What the exercise asks: Output the data below exactly as it is, dropping the pictures from your copy.
*** Data shown Section Begins ***
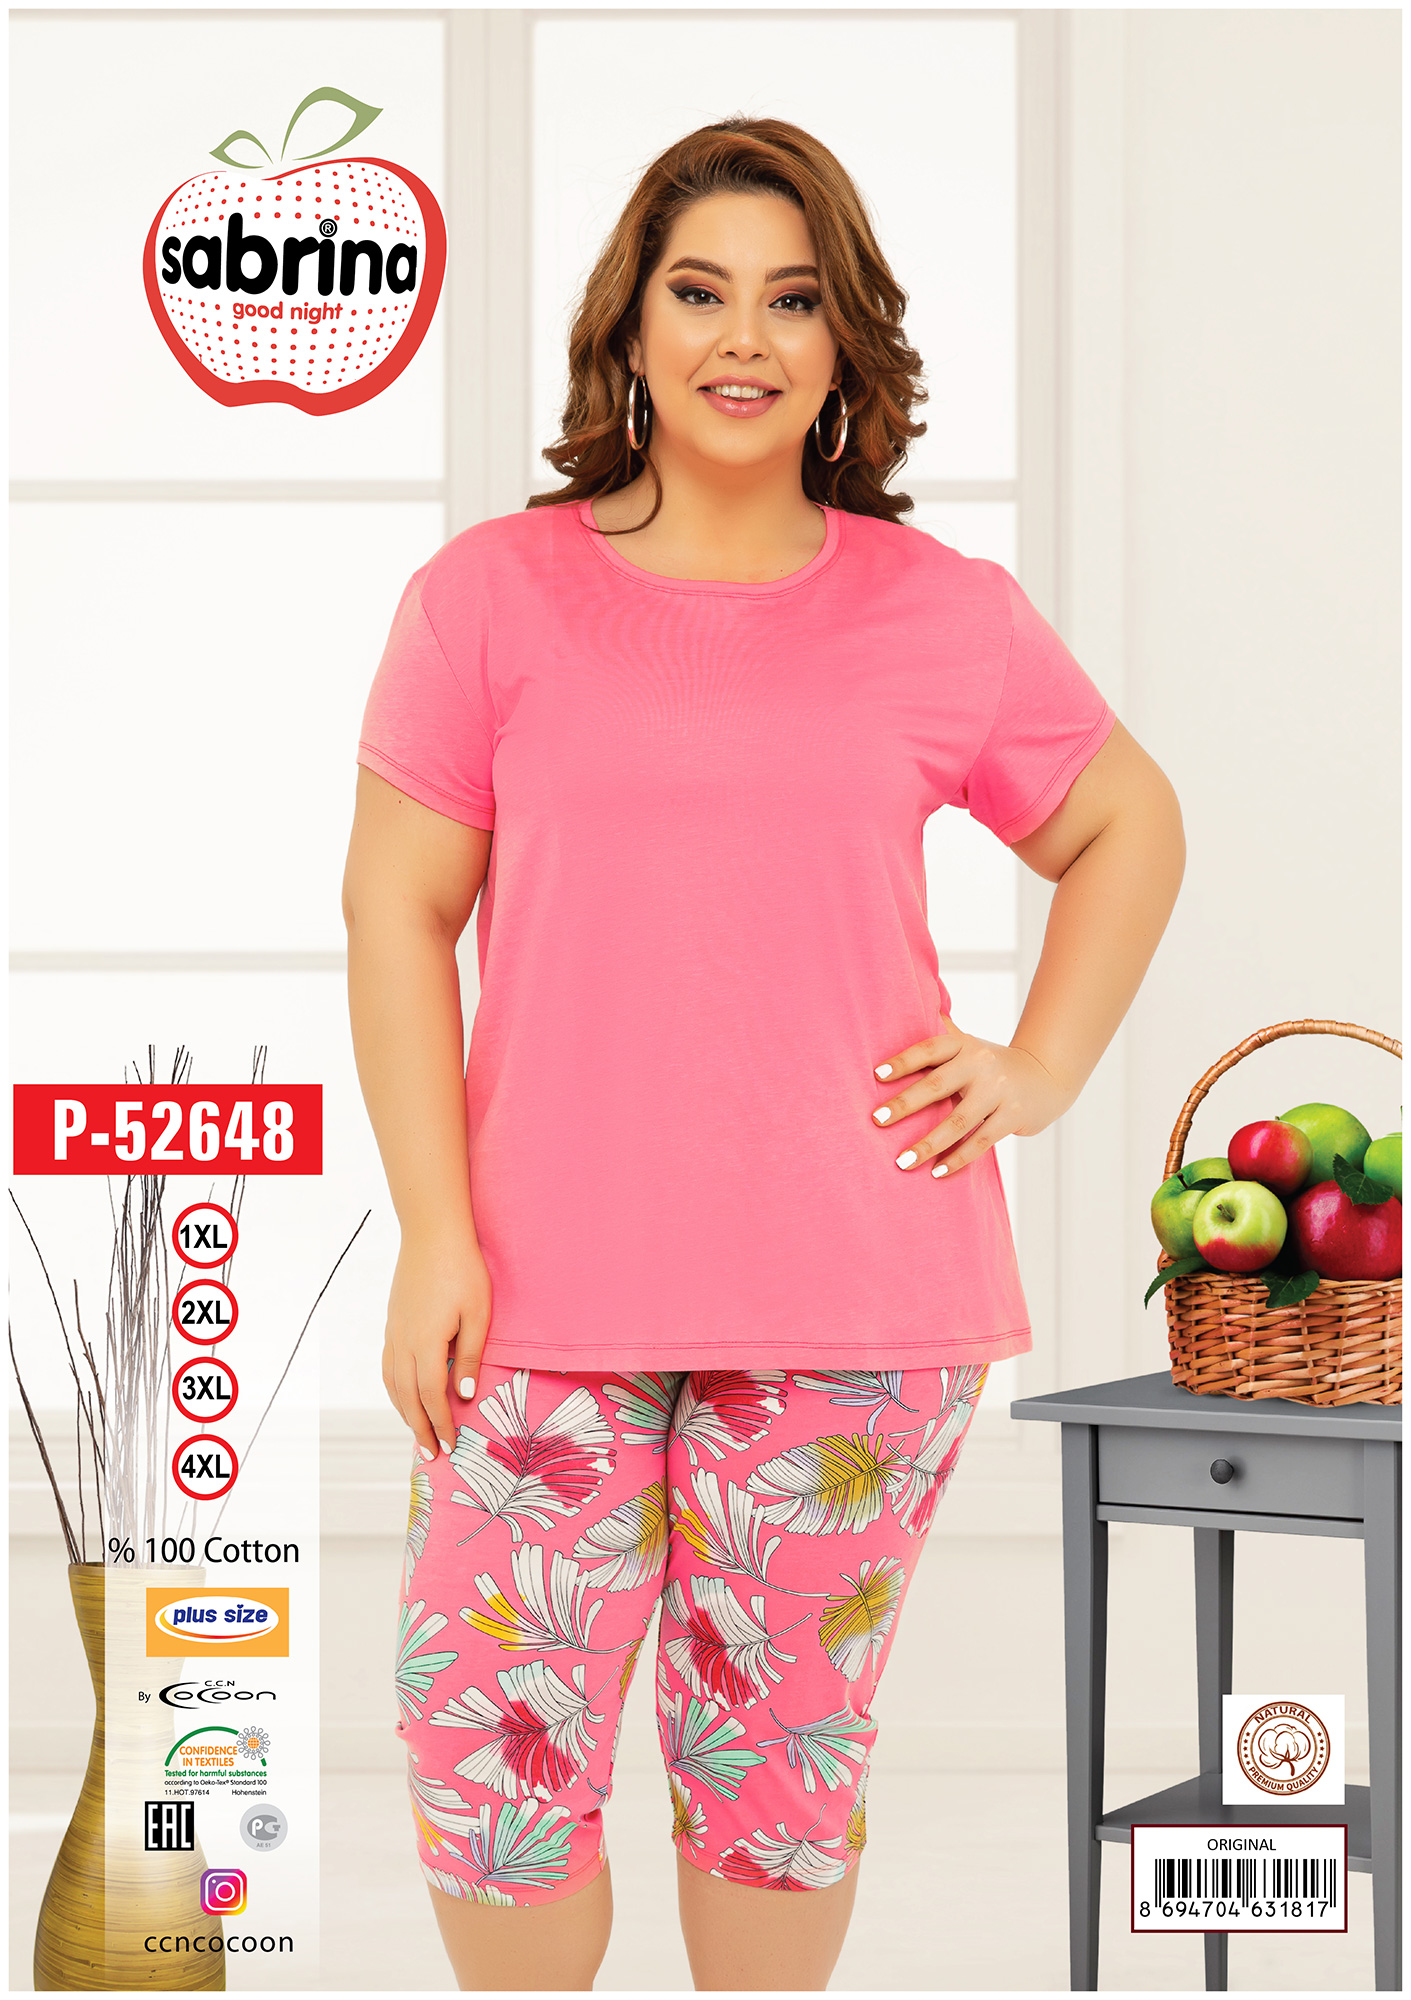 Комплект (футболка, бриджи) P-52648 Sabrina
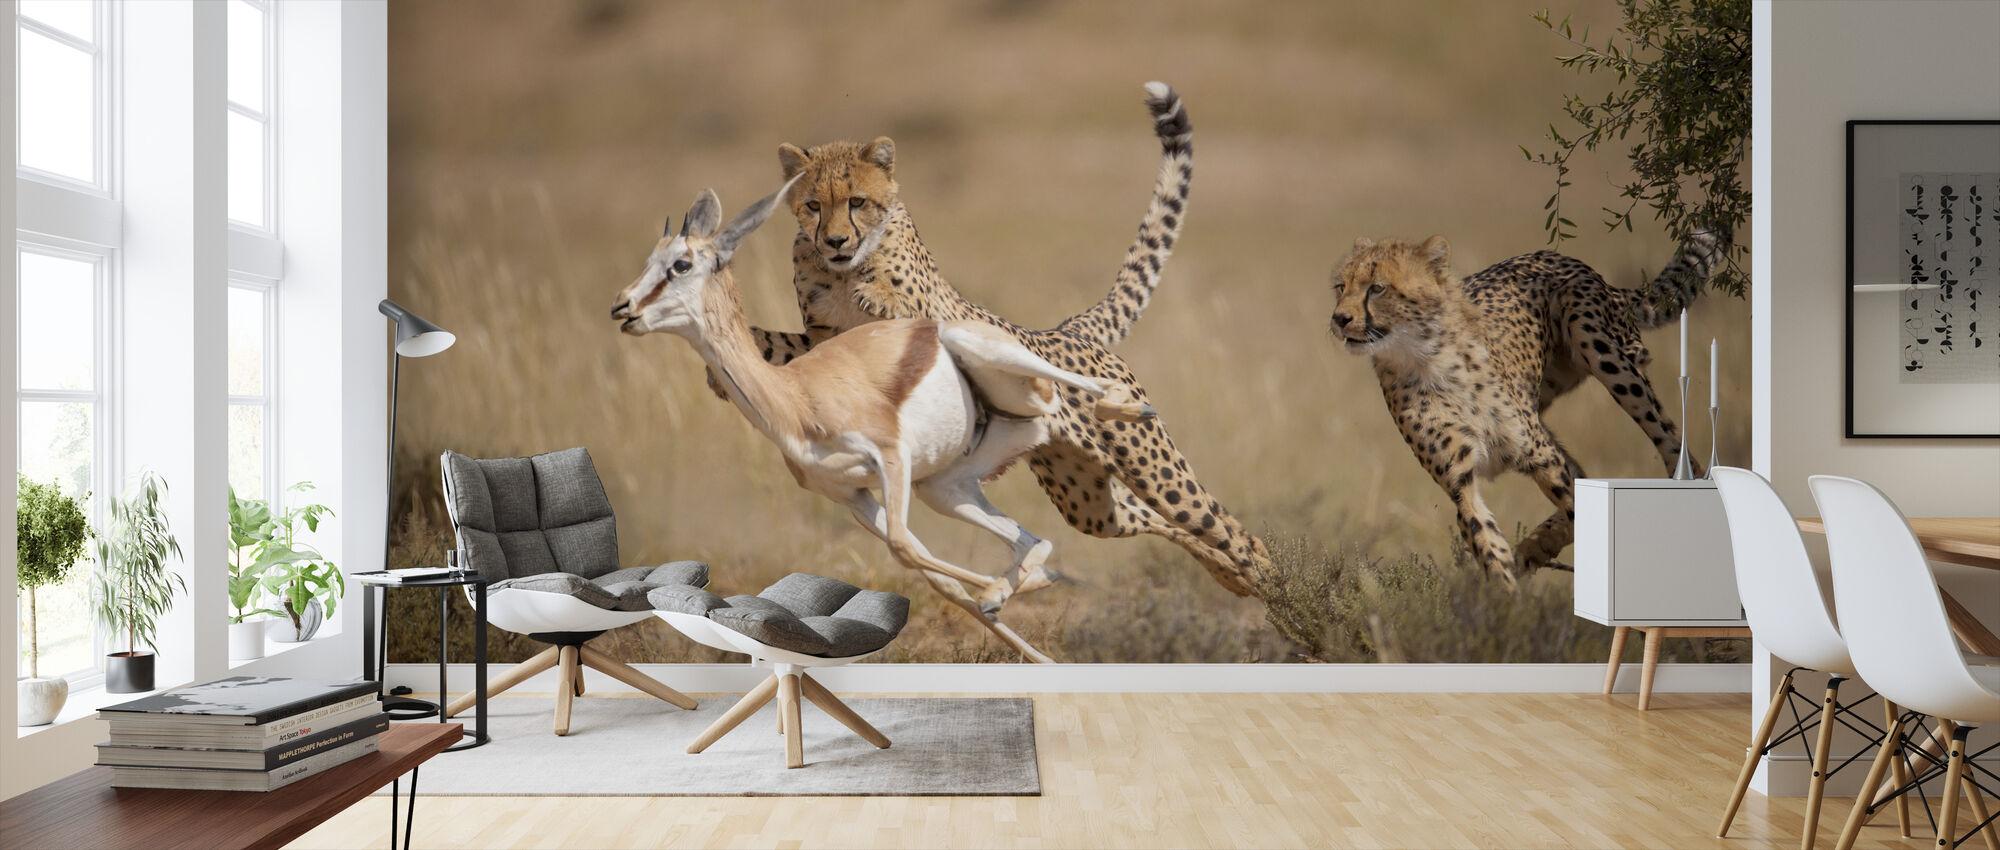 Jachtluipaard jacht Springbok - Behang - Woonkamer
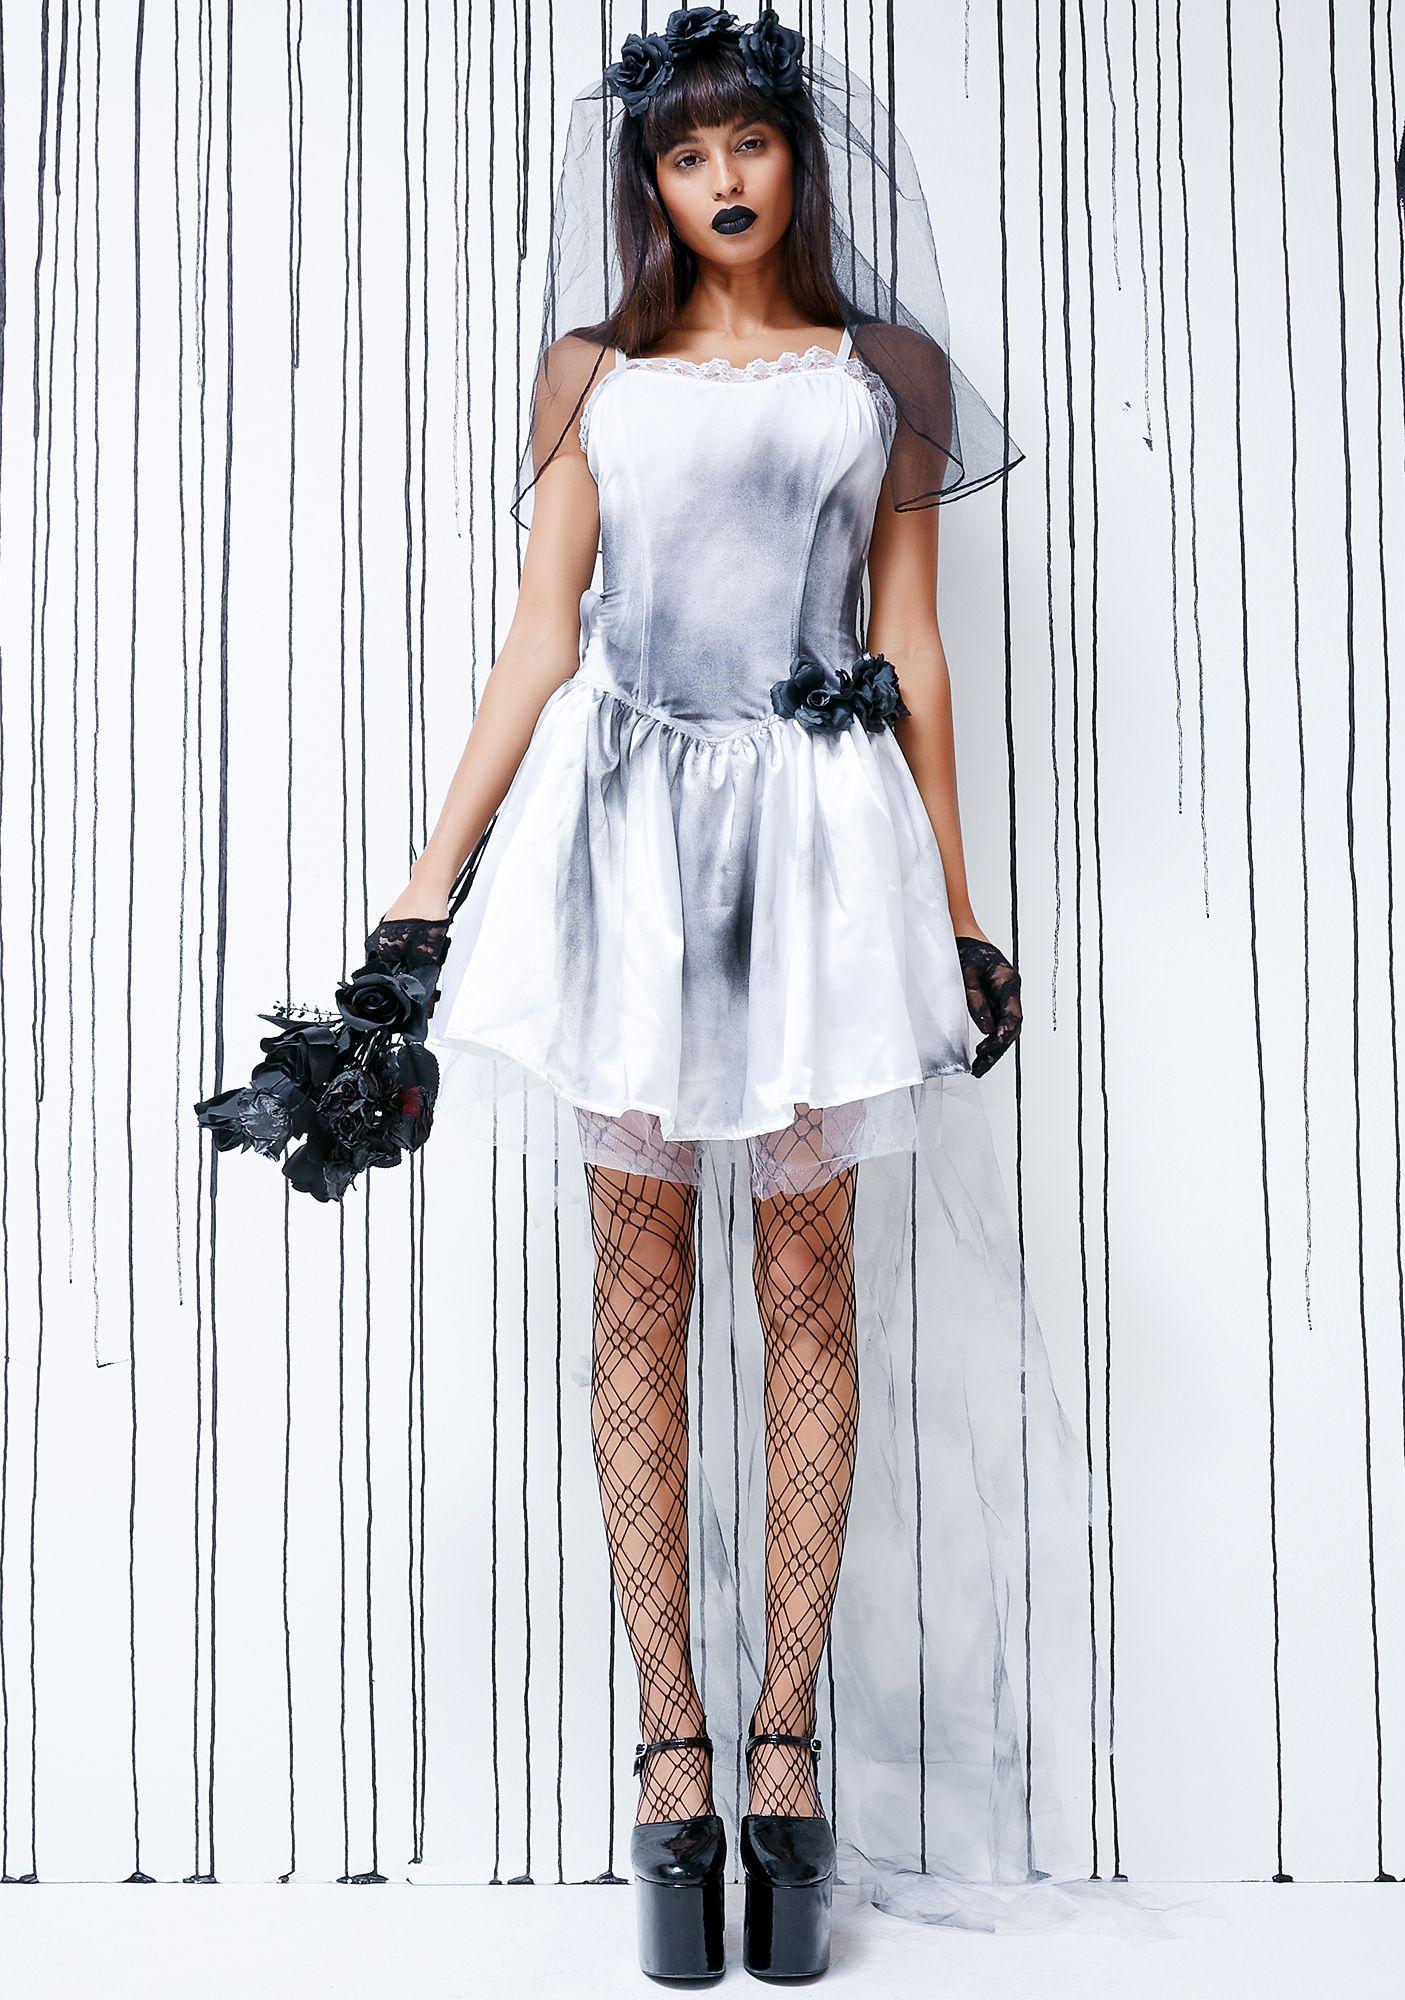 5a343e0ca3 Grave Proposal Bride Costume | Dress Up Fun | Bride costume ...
*** Data shown Section Ends ***
Answer box:
 Комплект (футболка, бриджи) P-52648 Sabrina
 Jachtluipaard jacht Springbok - Behang - Woonkamer
 5a343e0ca3 Grave Proposal Bride Costume | Dress Up Fun | Bride costume ...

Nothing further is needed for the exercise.